We built a 73-test suite (58 unit + 15 integration) that validates every component of the Content Duo system: HLR memory model, persona detection, slot distribution, content selection, and end-to-end lesson generation. The result: 100% confidence in deployments and zero regressions in production.
The Testing Gap
When we started building Content Duo, the codebase had minimal test coverage for adaptive logic. Complex algorithms were tested manually, if at all.
Before: Untested Code
Untested Code
┌──────────────────────────────────────┐
│ ContentDuo Service │
│ - No unit tests │
│ - No integration tests │
│ - Manual QA only │
└──────────────────────────────────────┘
Manual testing was slow and incomplete:
- Testing HLR required waiting days to observe retention decay
- Testing persona transitions required creating users with months of history
- Testing edge cases (empty content pools, concurrent sessions) was nearly impossible
The Comprehensive Test Suite
We designed a layered test strategy covering unit, integration, and end-to-end scenarios.
After: 73 Automated Tests
Comprehensive Test Suite
┌──────────────────────────────────────┐
│ Unit Tests (58) │
│ - HLR calculation tests │
│ - Persona detection tests │
│ - Slot distribution tests │
│ - Configuration tests │
├──────────────────────────────────────┤
│ Integration Tests (15) │
│ - Full session flow │
│ - Multi-user scenarios │
│ - Edge cases │
│ - Error handling │
└──────────────────────────────────────┘
100% critical path coverage
Unit Test Categories
1. HLR Calculation Tests (18 tests)
The HLR algorithm is the heart of adaptive learning. These tests validate retention calculations and half-life updates.

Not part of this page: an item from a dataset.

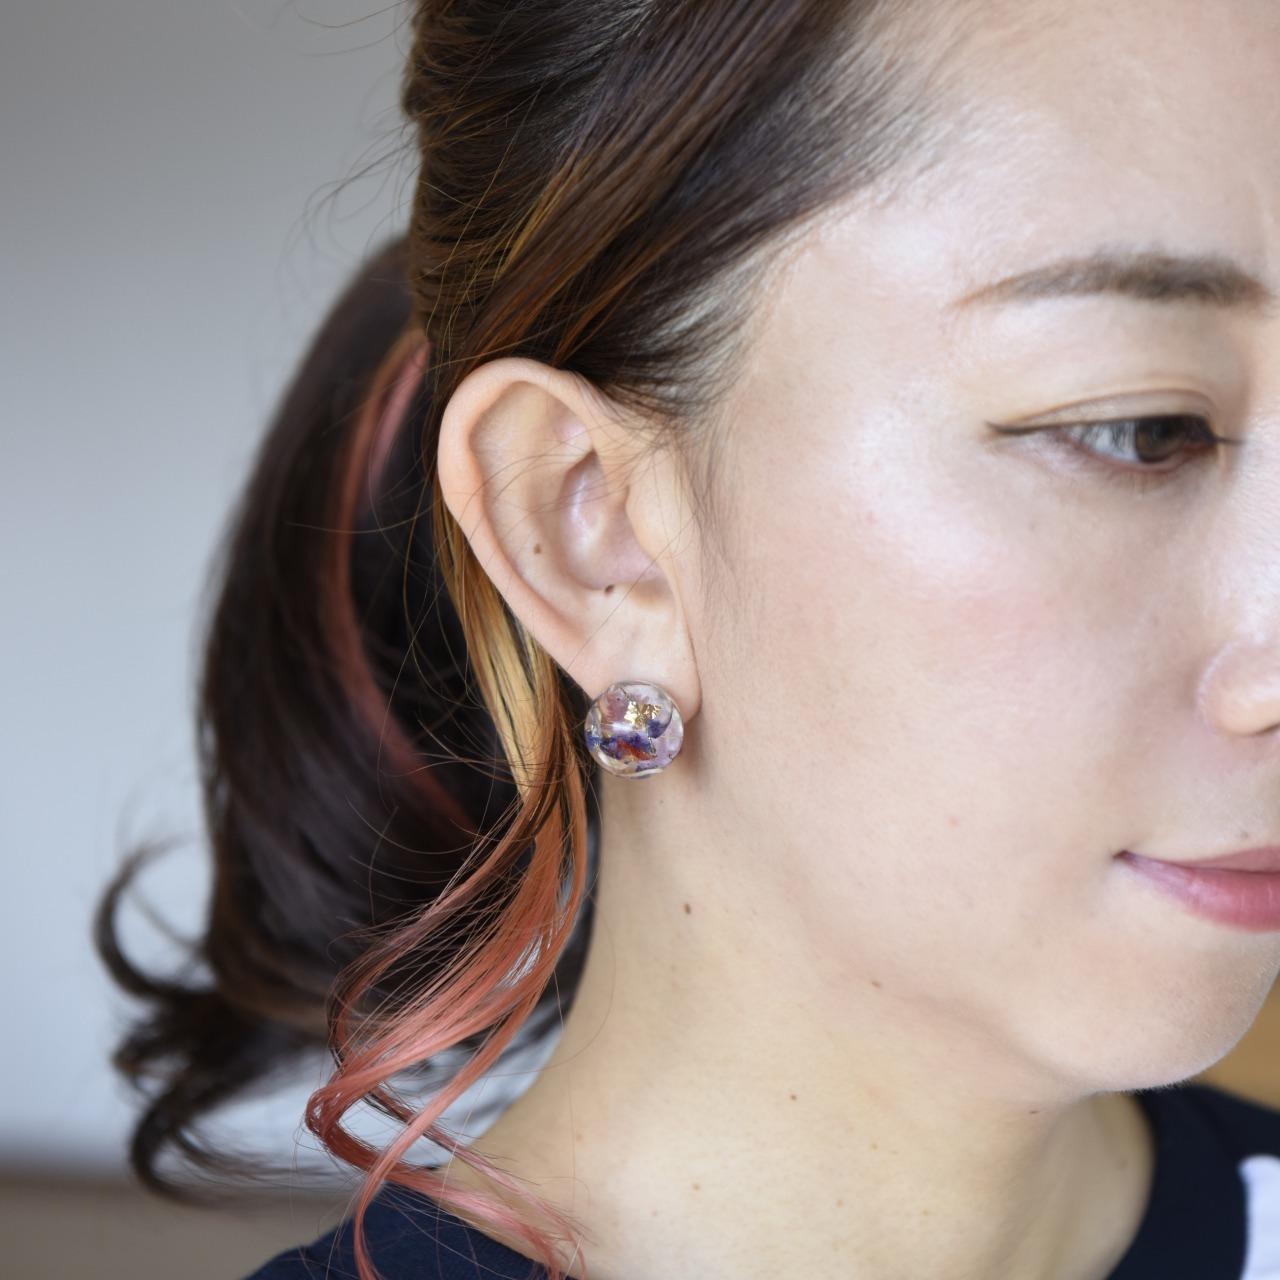 Rie fu x Motomio コラボアクセサリー【ピアス・イヤリング】

Test: Initial Half-Life Calculation
def test_initial_hlr_beginner():
"""Beginner users get 1-day initial half-life"""
user = create_user(persona=Persona.BEGINNER)
concept = create_concept(difficulty=2)
hlr = hlr_service.get_initial_half_life(user.id, concept.id)
assert hlr == 1.0 # 1 day for beginners
Test: Half-Life After Correct Attempt
def test_hlr_increases_on_correct():
"""Correct attempts increase half-life"""
user_concept = create_user_concept(half_life_days=2.0)
# Record correct attempt 1 day after last attempt
hlr_service.update_half_life(
user_id=user_concept.user_id,
concept_id=user_concept.concept_id,
correct=True,
time_since_last_attempt_days=1.0
)
updated = get_user_concept(user_concept.user_id, user_concept.concept_id)
assert updated.half_life_days > 2.0 # Half-life increased
Test: Half-Life After Incorrect Attempt
def test_hlr_decreases_on_incorrect():
"""Incorrect attempts decrease half-life"""
user_concept = create_user_concept(half_life_days=3.0)
hlr_service.update_half_life(
user_id=user_concept.user_id,
concept_id=user_concept.concept_id,
correct=False,
time_since_last_attempt_days=2.0
)
updated = get_user_concept(user_concept.user_id, user_concept.concept_id)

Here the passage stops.